Pour Christophe Boucher, chez ABN AMRO Investment Solutions, la zone euro a fait preuve d’une résilience honorable en 2025. Les risques existent toujours, notamment avec un Donald Trump qui semble prêt à ressortir l’artillerie commerciale, mais leur impact pourrait être plus contenu en 2026. En clair : ça secoue encore, mais la coque tient.
Et maintenant, place aux banques et aux géants
La semaine prochaine s’annonce tout aussi animée, avec une nouvelle salve de résultats très attendus. À Paris, les poids lourds bancaires vont passer à la moulinette des analystes, aux côtés d’Amundi et de Vinci. Aux États-Unis, les géants de la tech, de la pharma et du divertissement s’apprêtent à dévoiler leurs chiffres, promettant encore quelques séances bien nerveuses.

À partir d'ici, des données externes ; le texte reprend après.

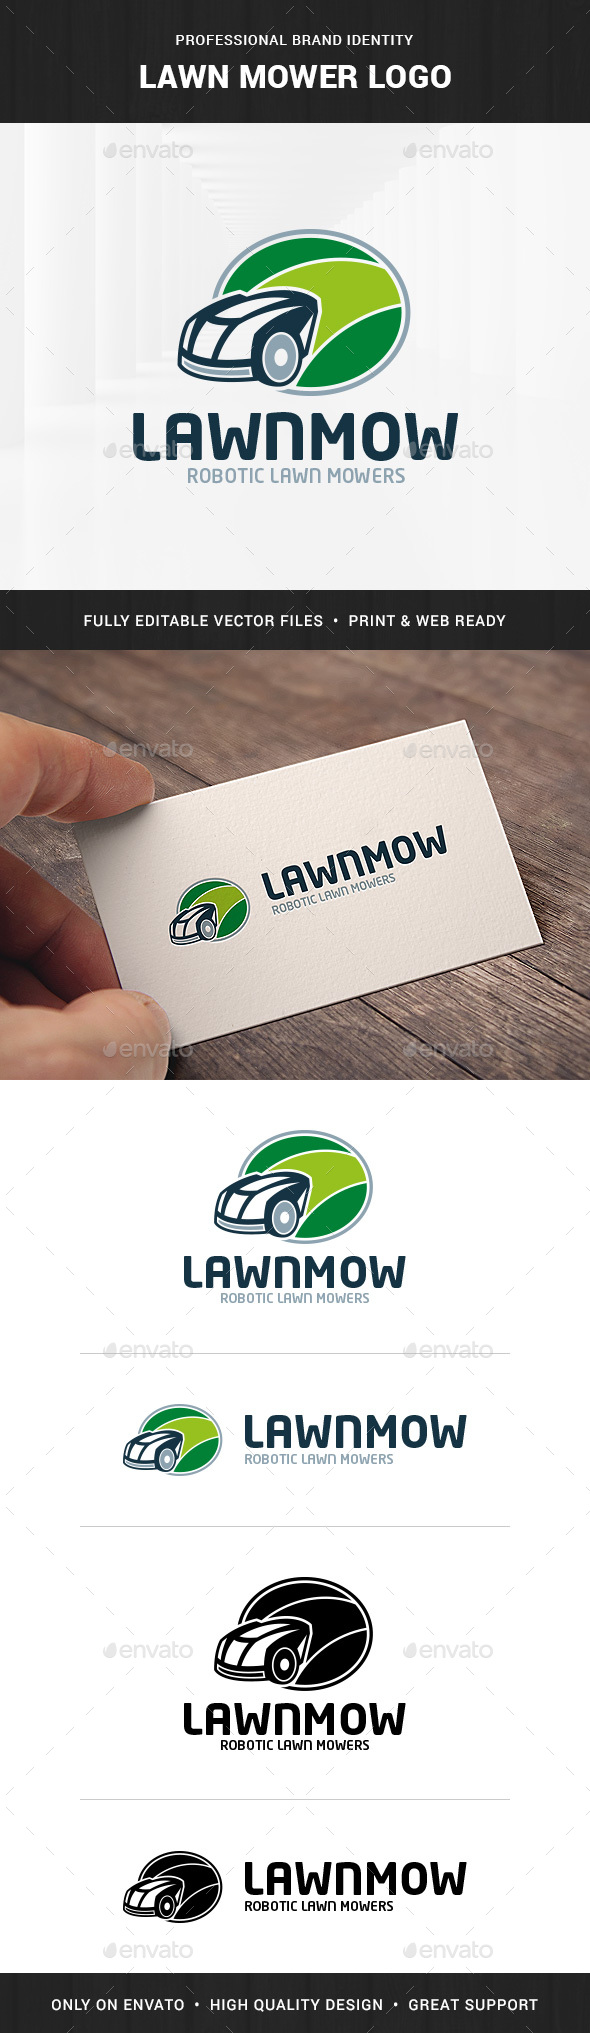 Lawn Mower Logo Template
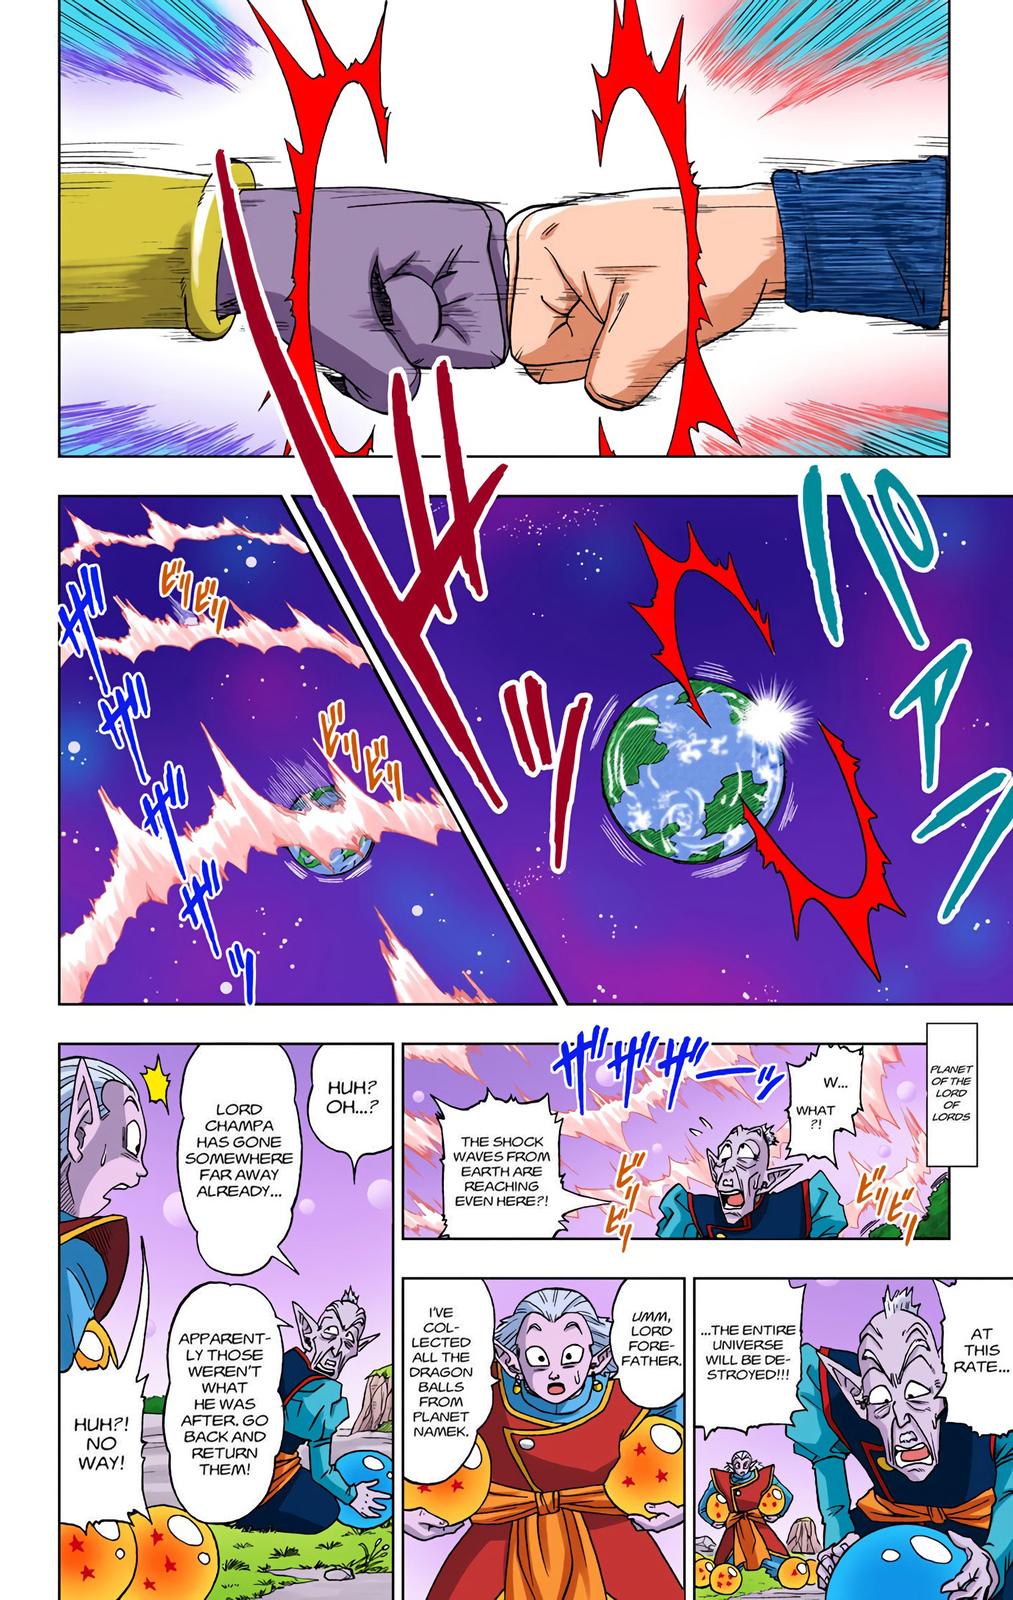 If Xeno Goku got Super Saiyan 5, could he take down Alien X? - Quora

Au final, les marchés européens terminent janvier sur une note plus positive qu’attendu, malgré un mois globalement poussif. Le CAC flirte avec les sommets sans vraiment les embrasser, l’Europe tient bon, et Wall Street digère ses changements de casting monétaire. Un marché qui avance à petits pas, parfois en crabe, souvent sous substances illicites, mais toujours avec un œil rivé sur la prochaine annonce. Parce qu’en Bourse, on peut faire le malin une séance… et se faire rattraper par la réalité le lendemain.